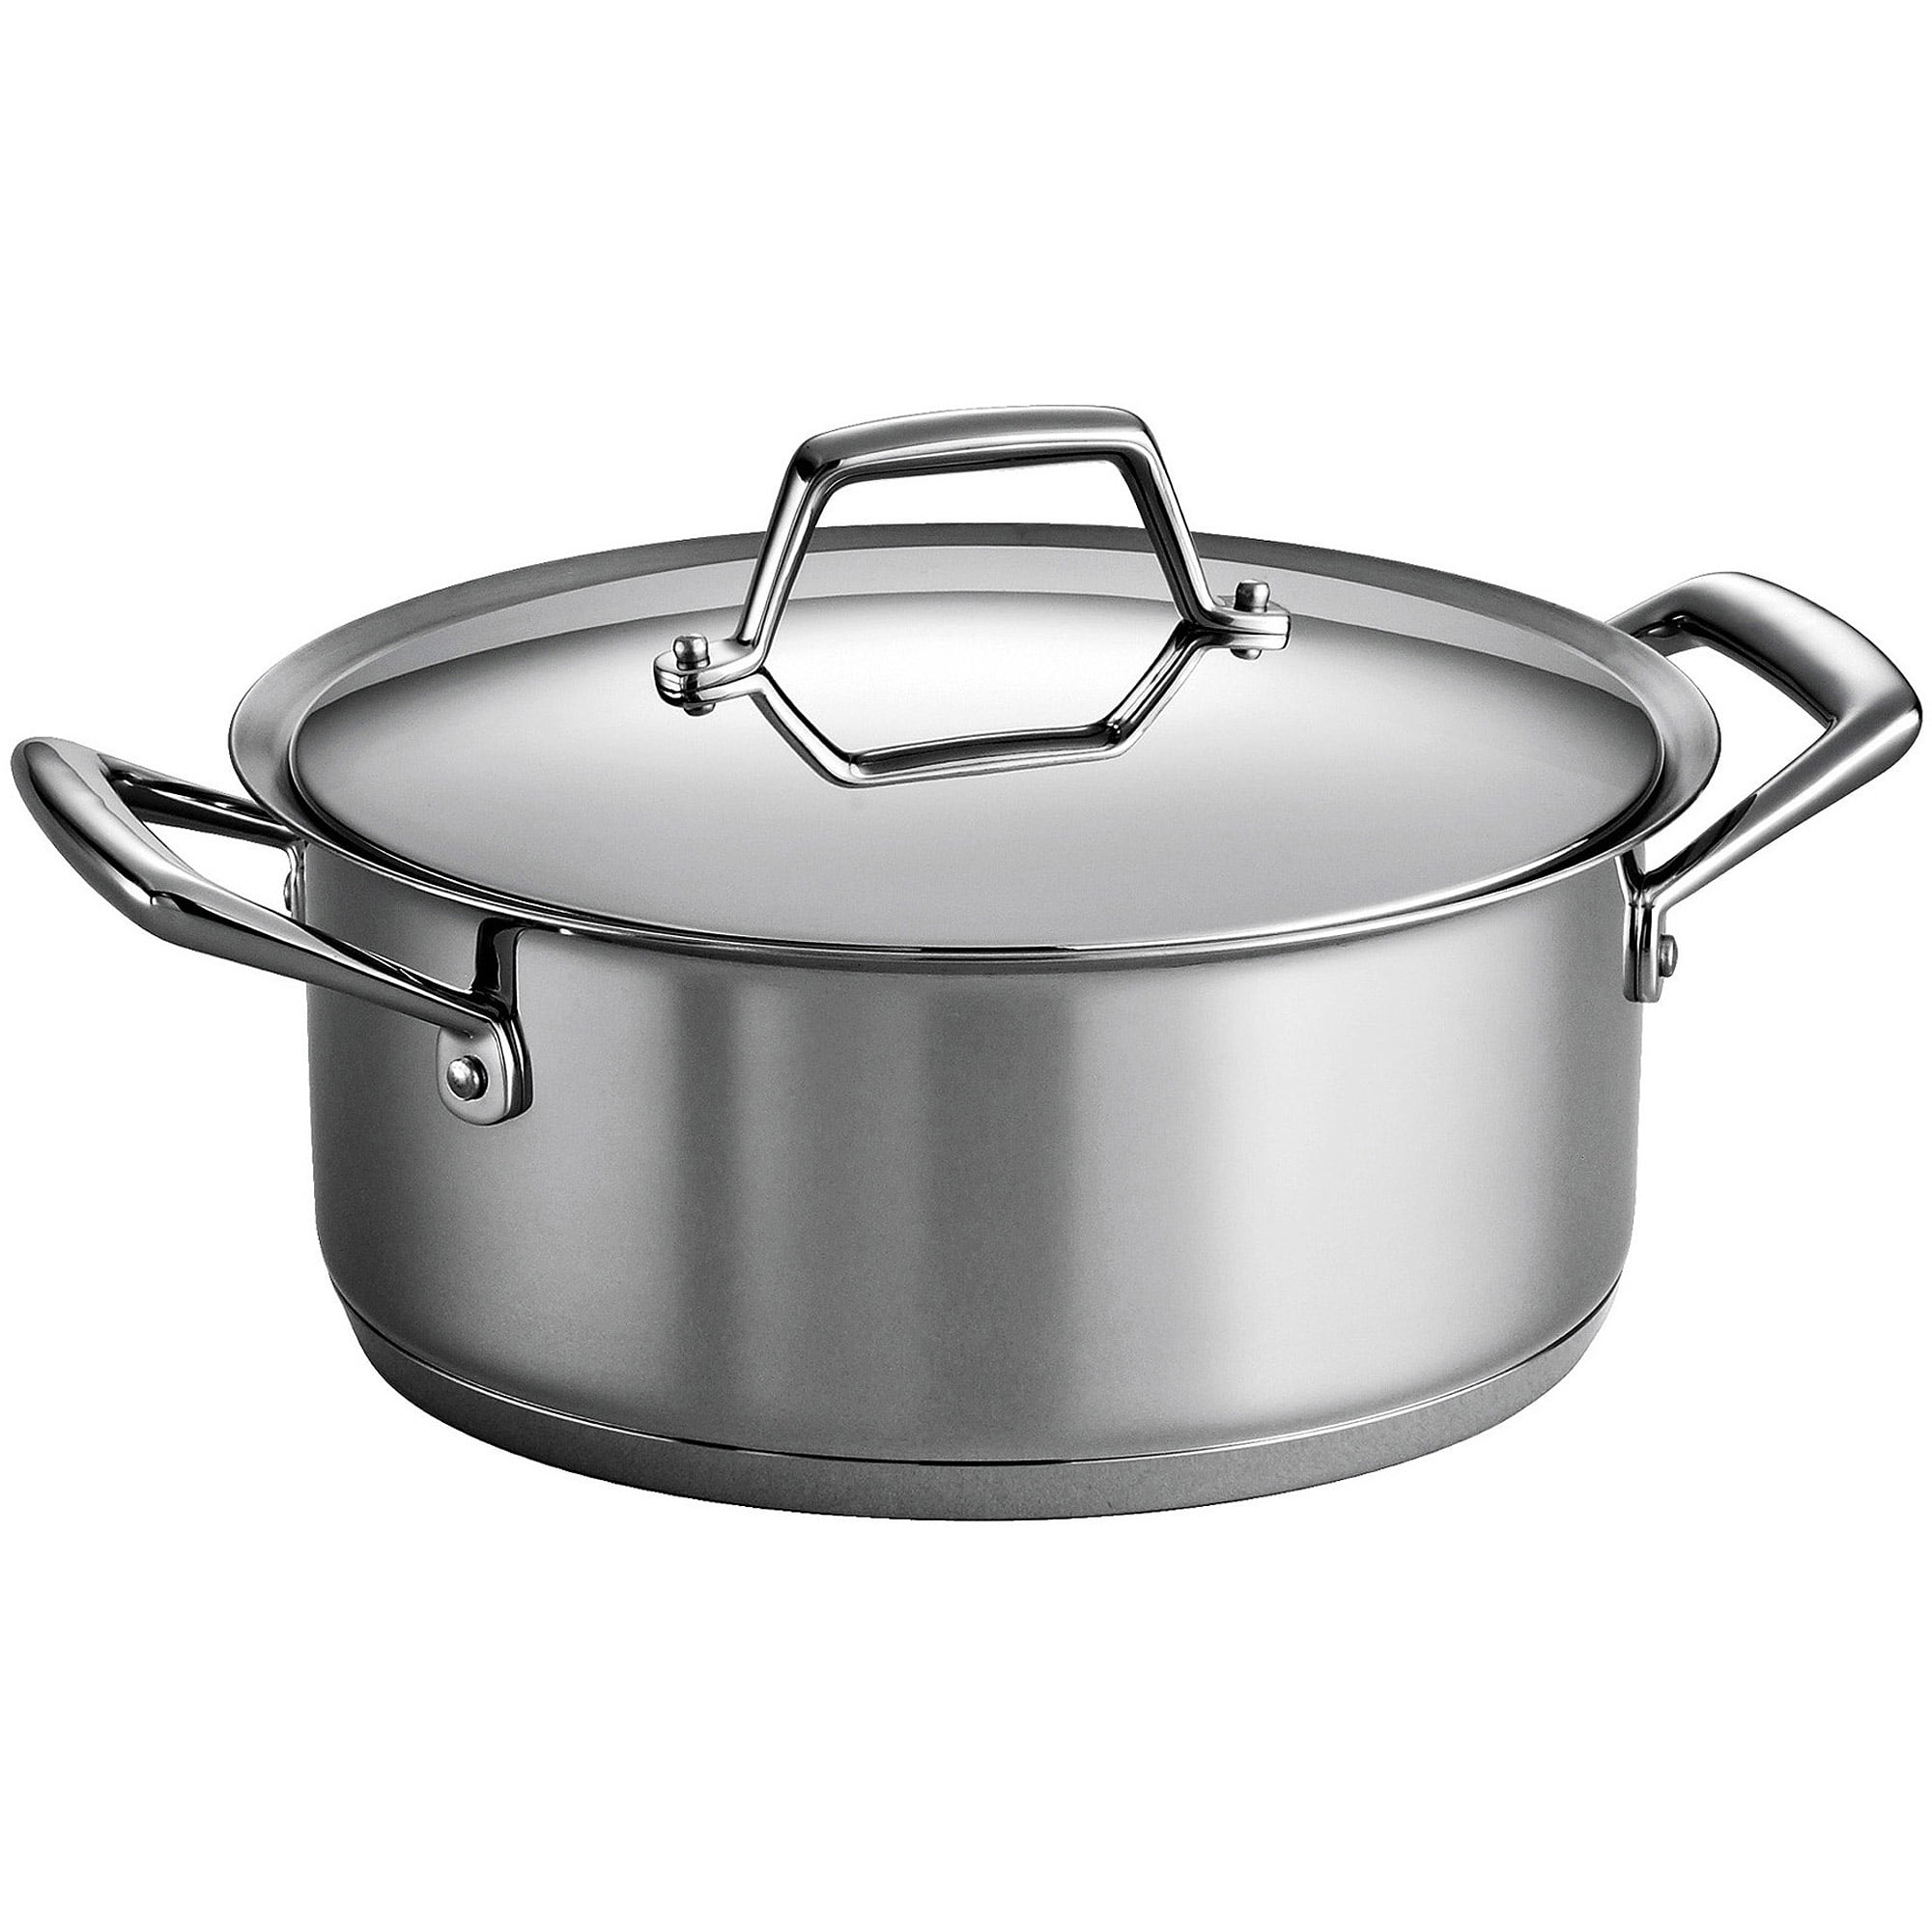 6 Quart Gourmet Stockpot with Cover
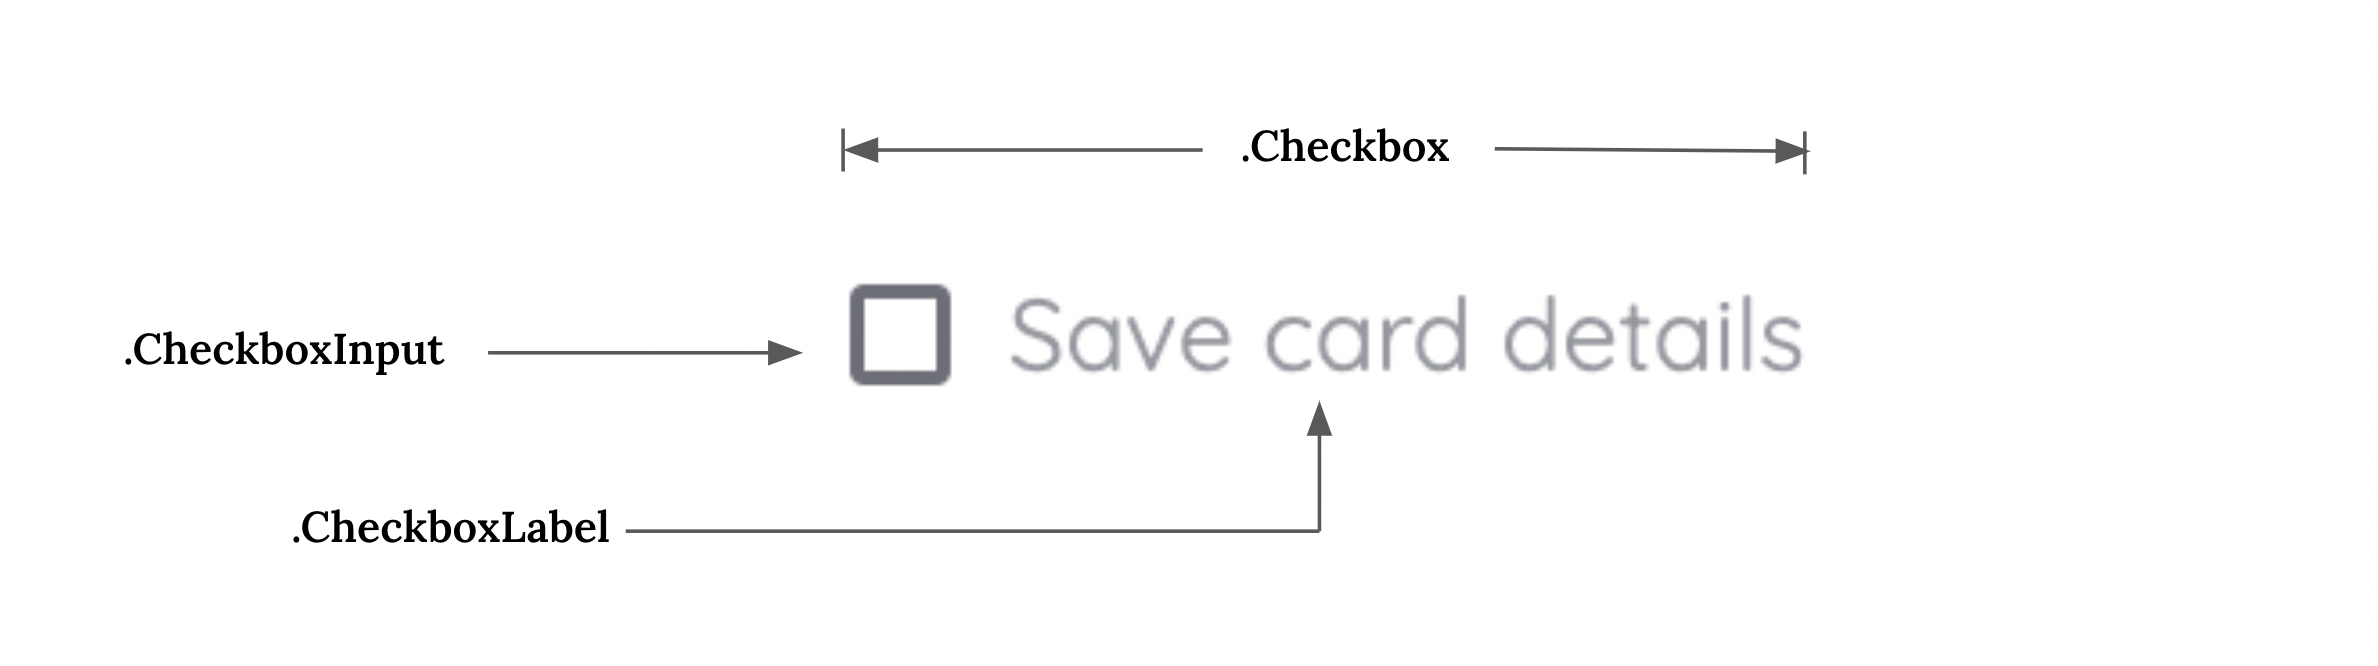 Rules Customization For Checkbox
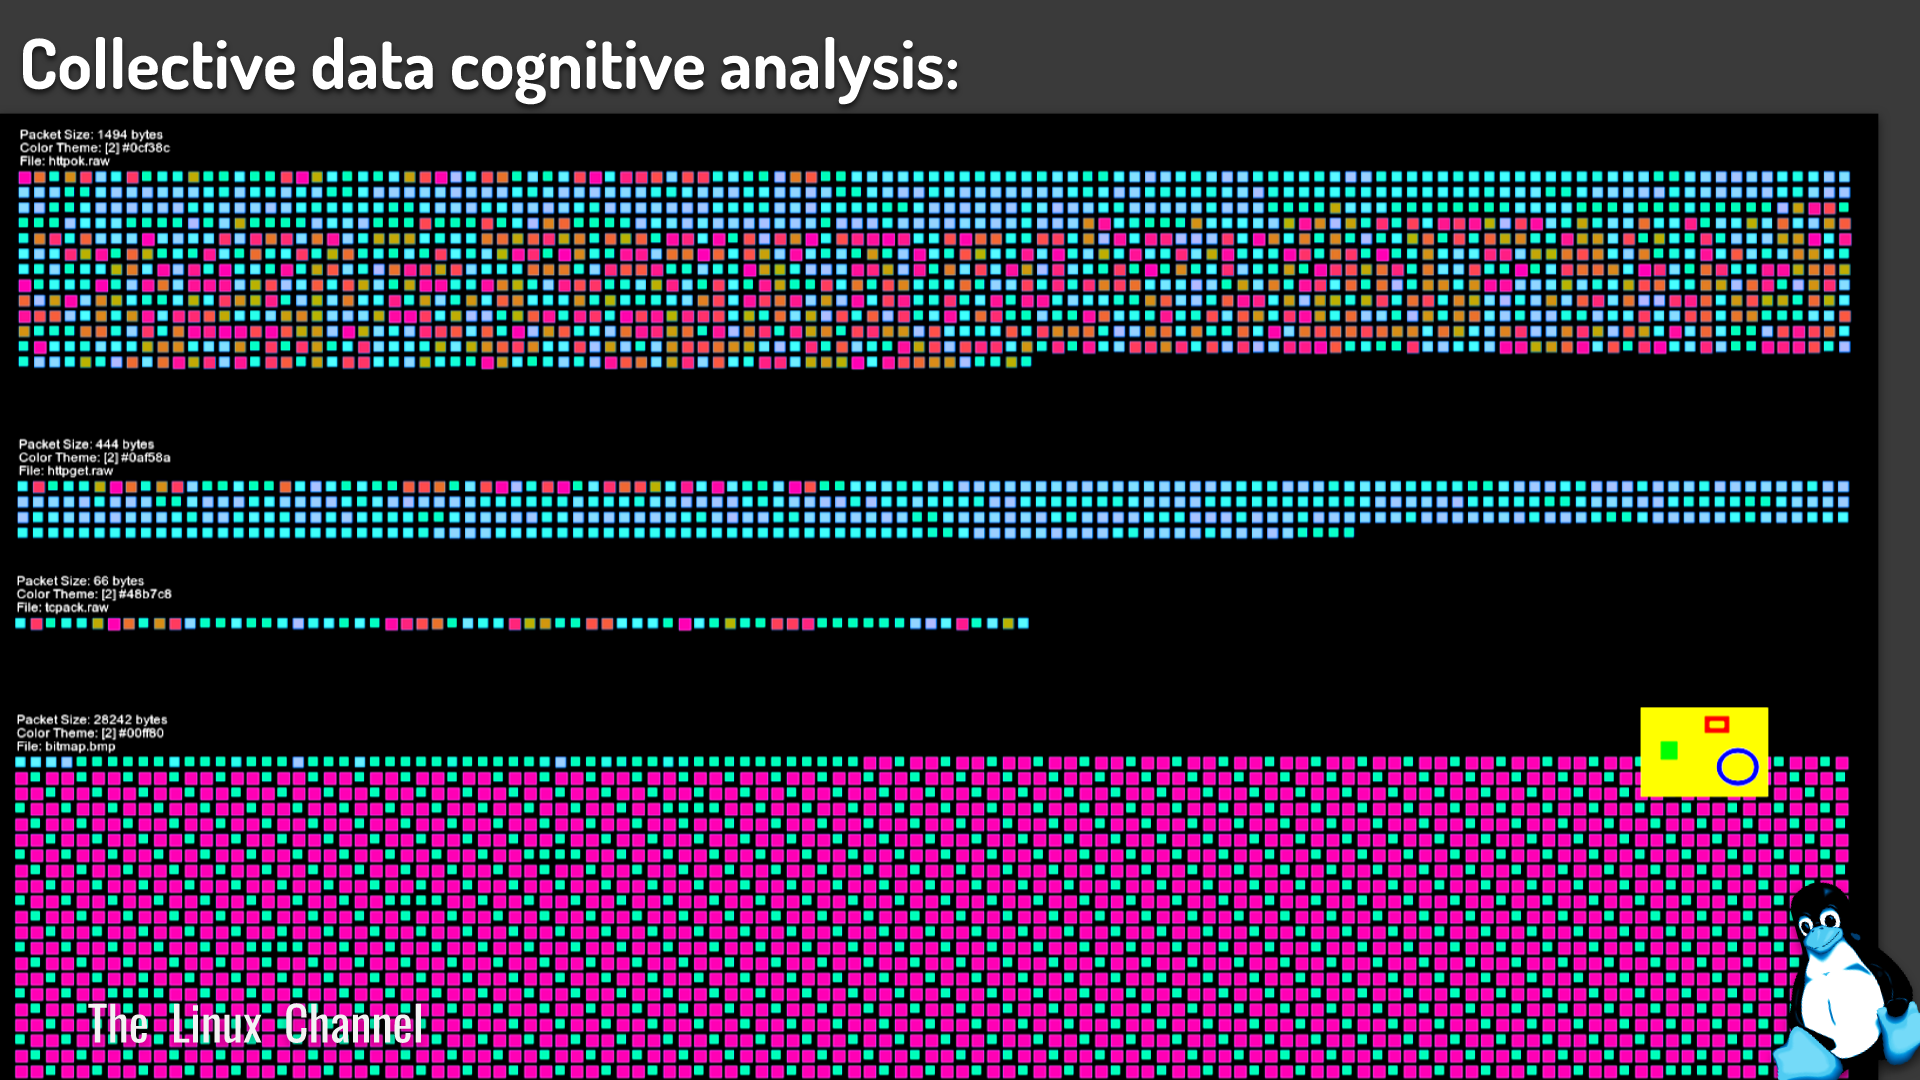 Collective data cognitive analysis
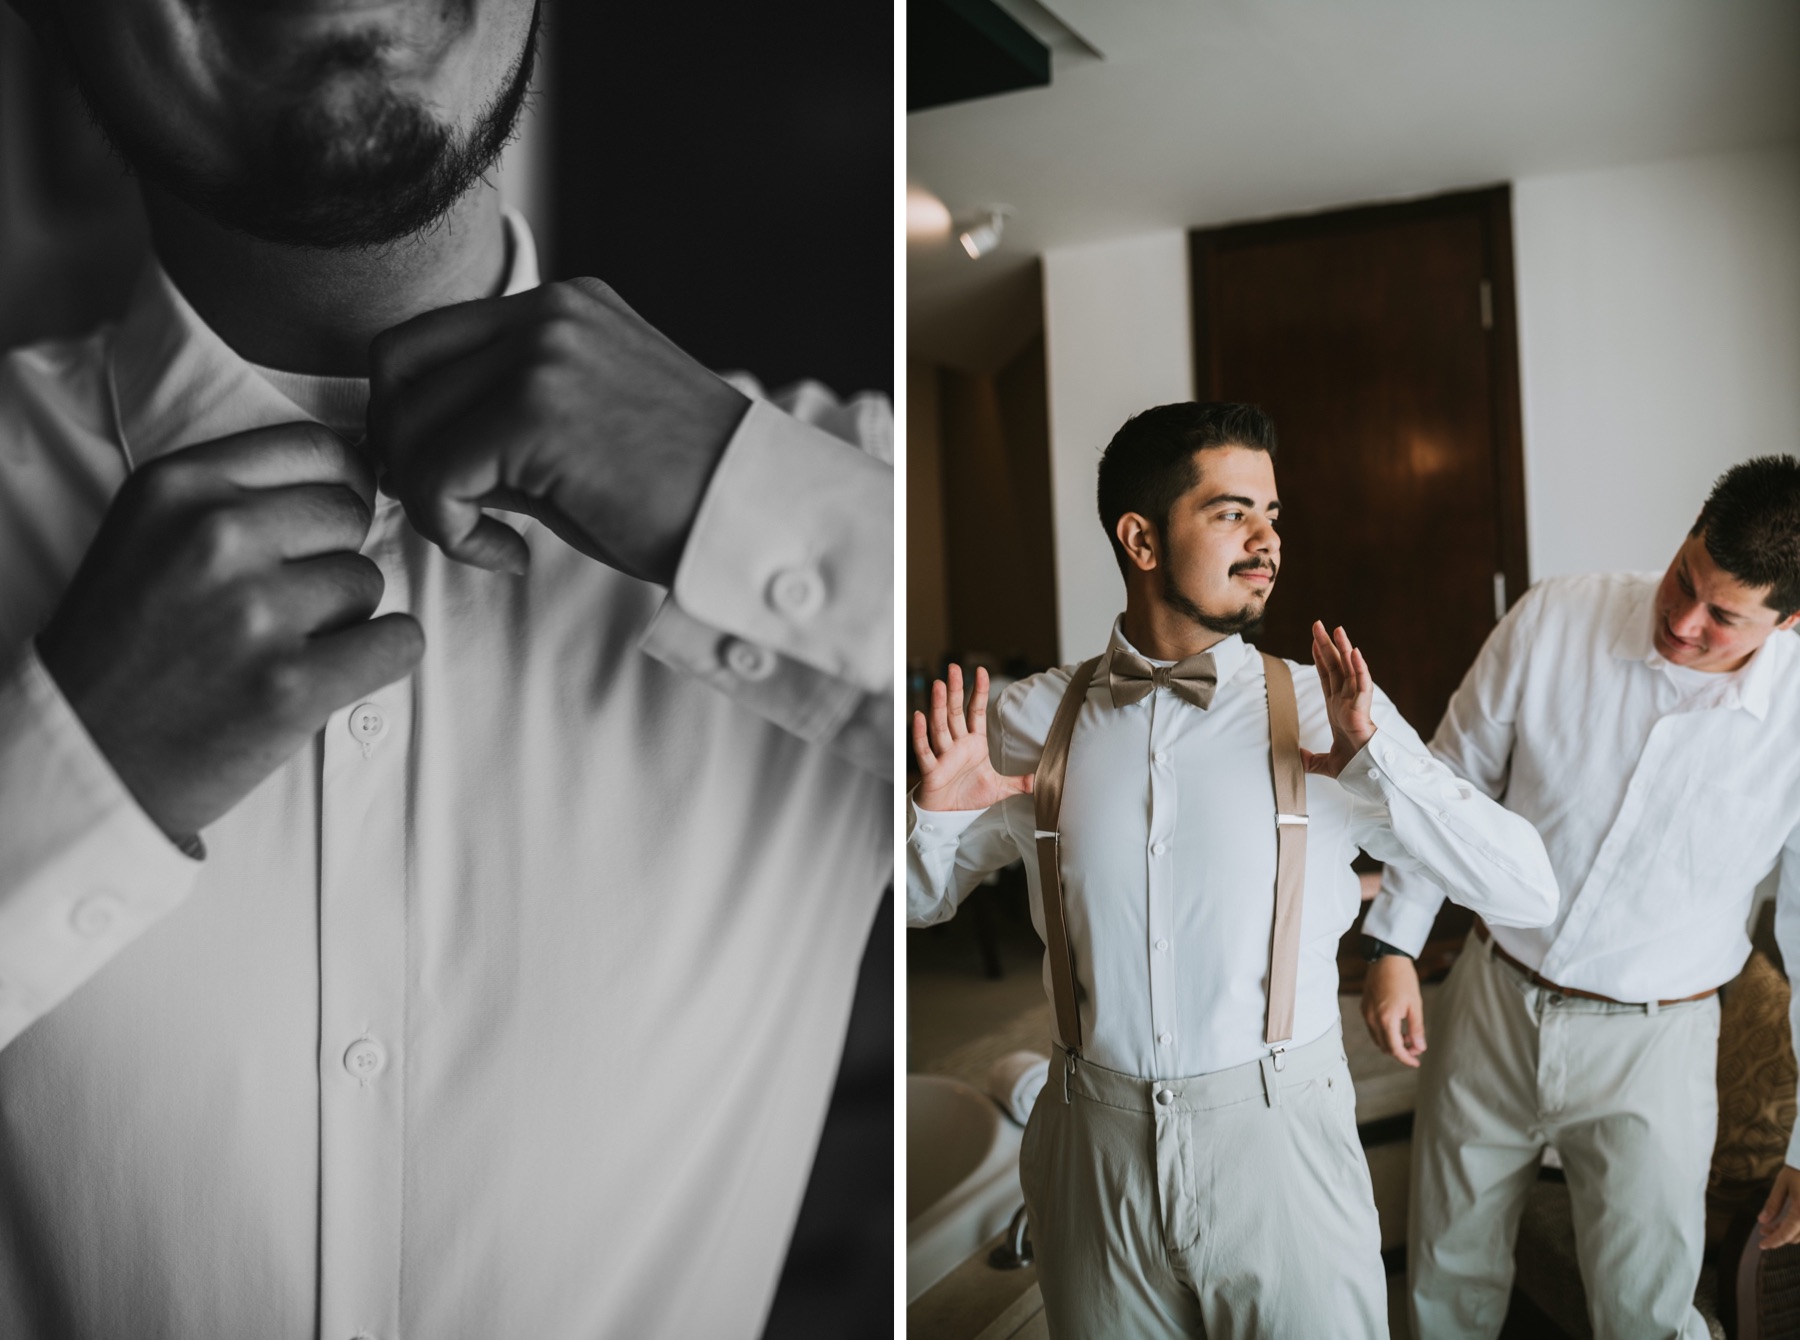 Side by side images of groom buttoning his shirt and getting his suspenders on.

:: About this task ::
All of the data is to be transcribed exactly, with images omitted.

:: Solved problem ::
 6 Quart Gourmet Stockpot with Cover
 Rules Customization For Checkbox
 Collective data cognitive analysis
 Side by side images of groom buttoning his shirt and getting his suspenders on.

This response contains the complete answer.